Exactly retype the lines below from the one containing "Half-Life-Alyx-full-game-cracked" through the end of the listing. Leave pictures out.

___ Dataset excerpt ___

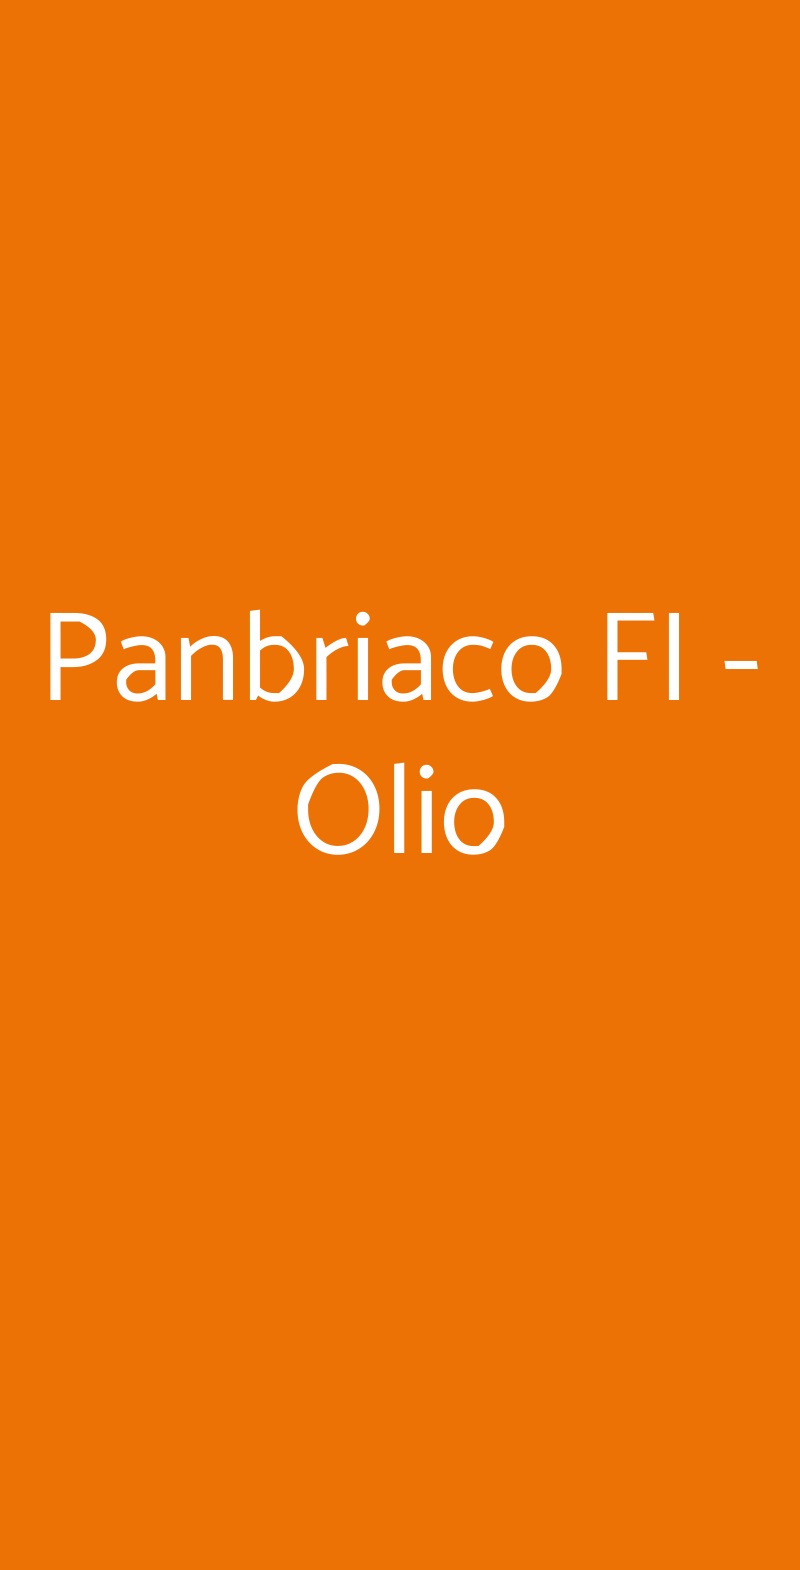 Panbriaco FI - Olio Firenze menù 1 pagina
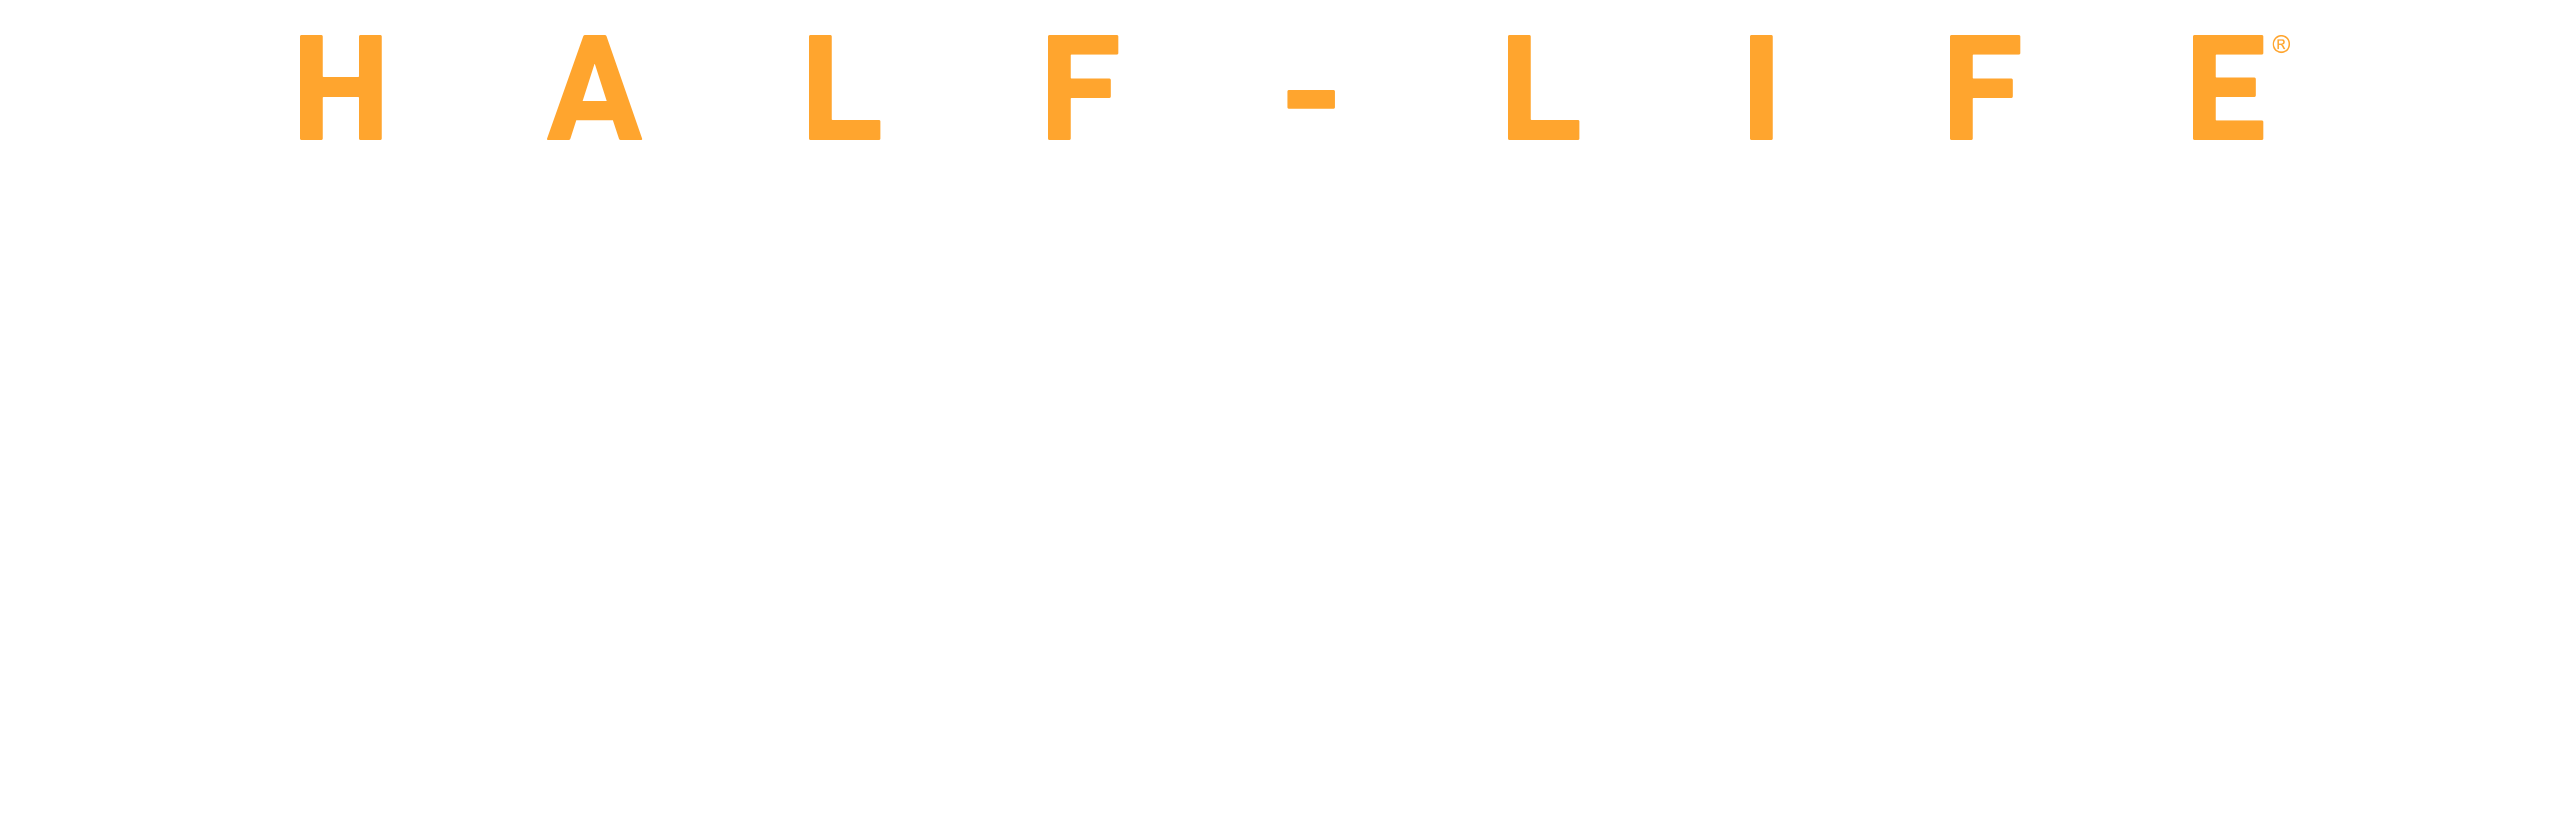 Half-Life-Alyx-full-game-cracked
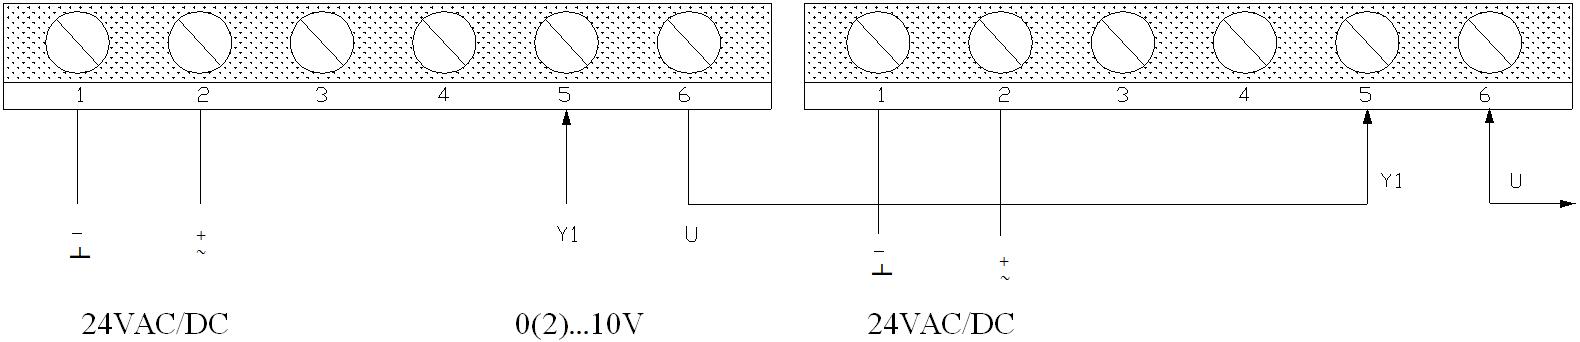 s6016-08-16-modulating-rapid-running-damper-actuator-4
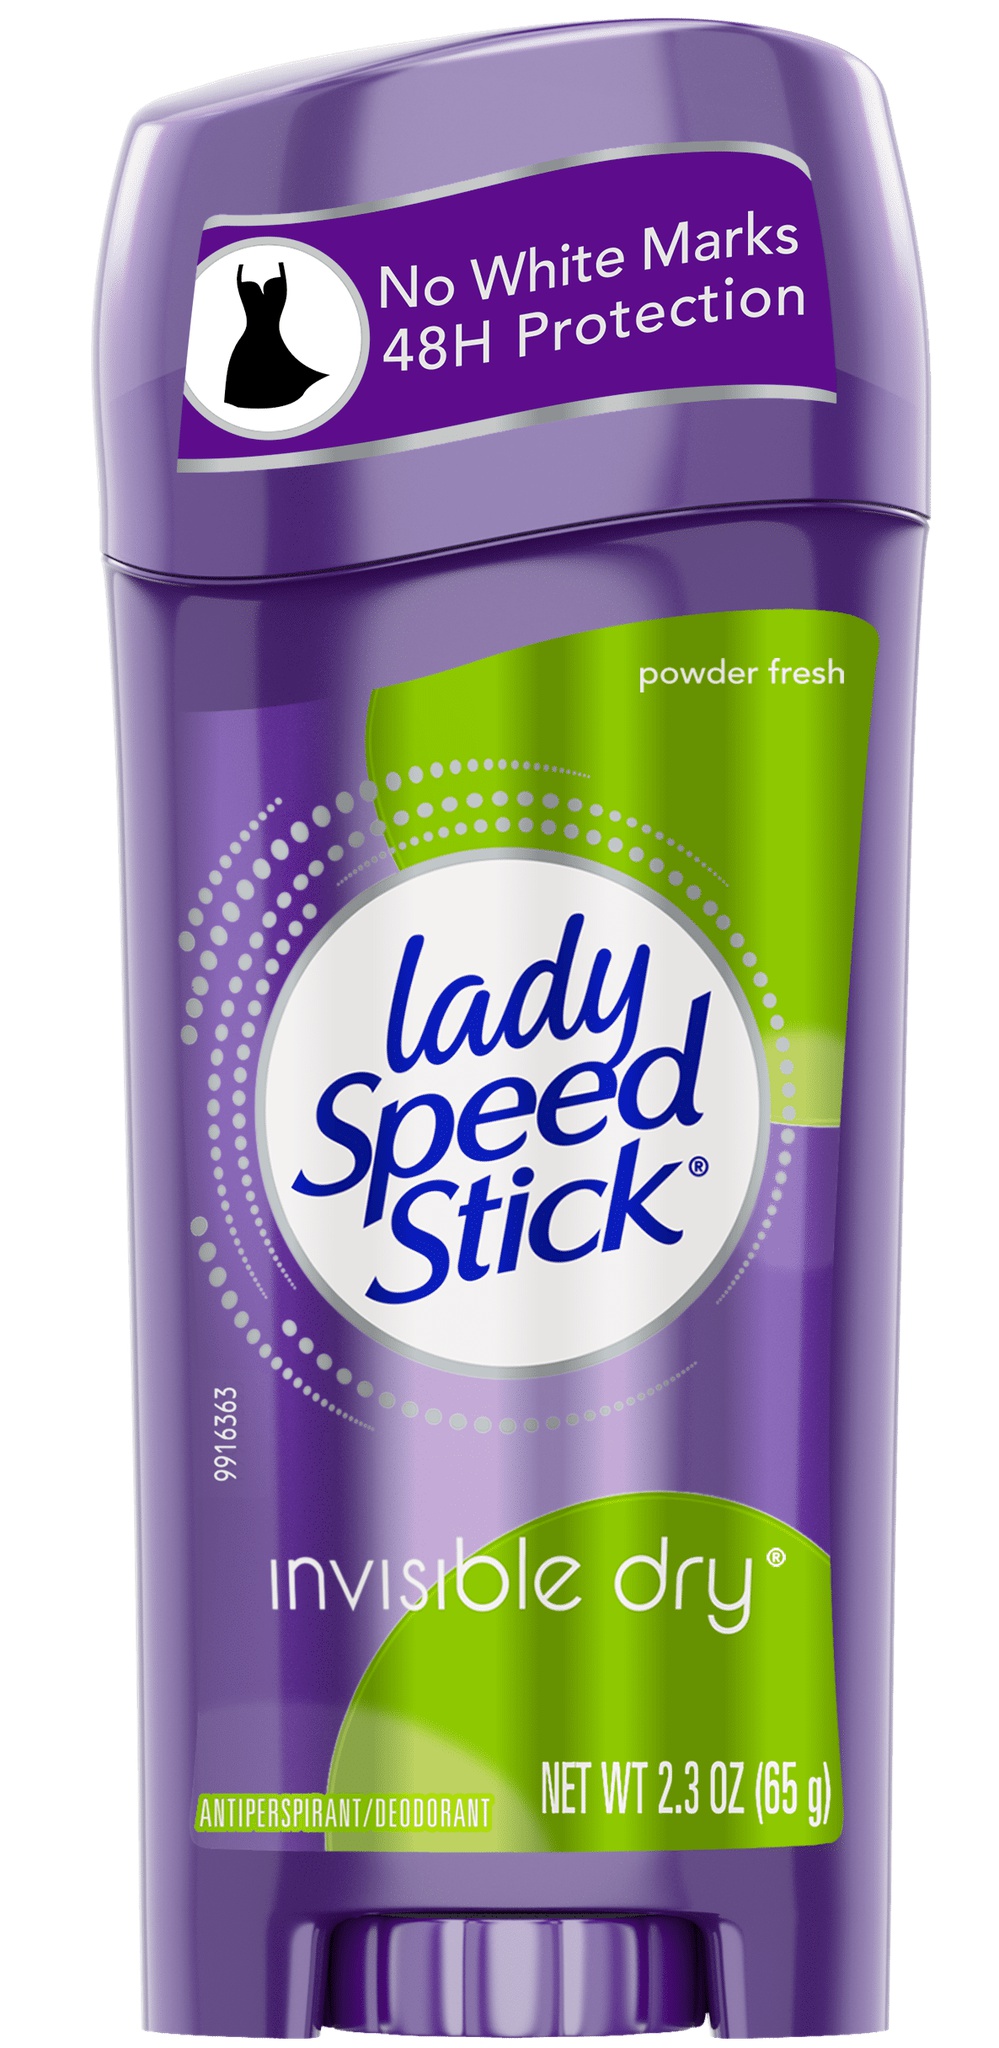 Lady speed stick Invisible Dry Powder Fresh Antiperspirant & Deodorant

___

- _Answer for the task_
 Half-Life-Alyx-full-game-cracked
 s6016-08-16-modulating-rapid-running-damper-actuator-4
 Lady speed stick Invisible Dry Powder Fresh Antiperspirant & Deodorant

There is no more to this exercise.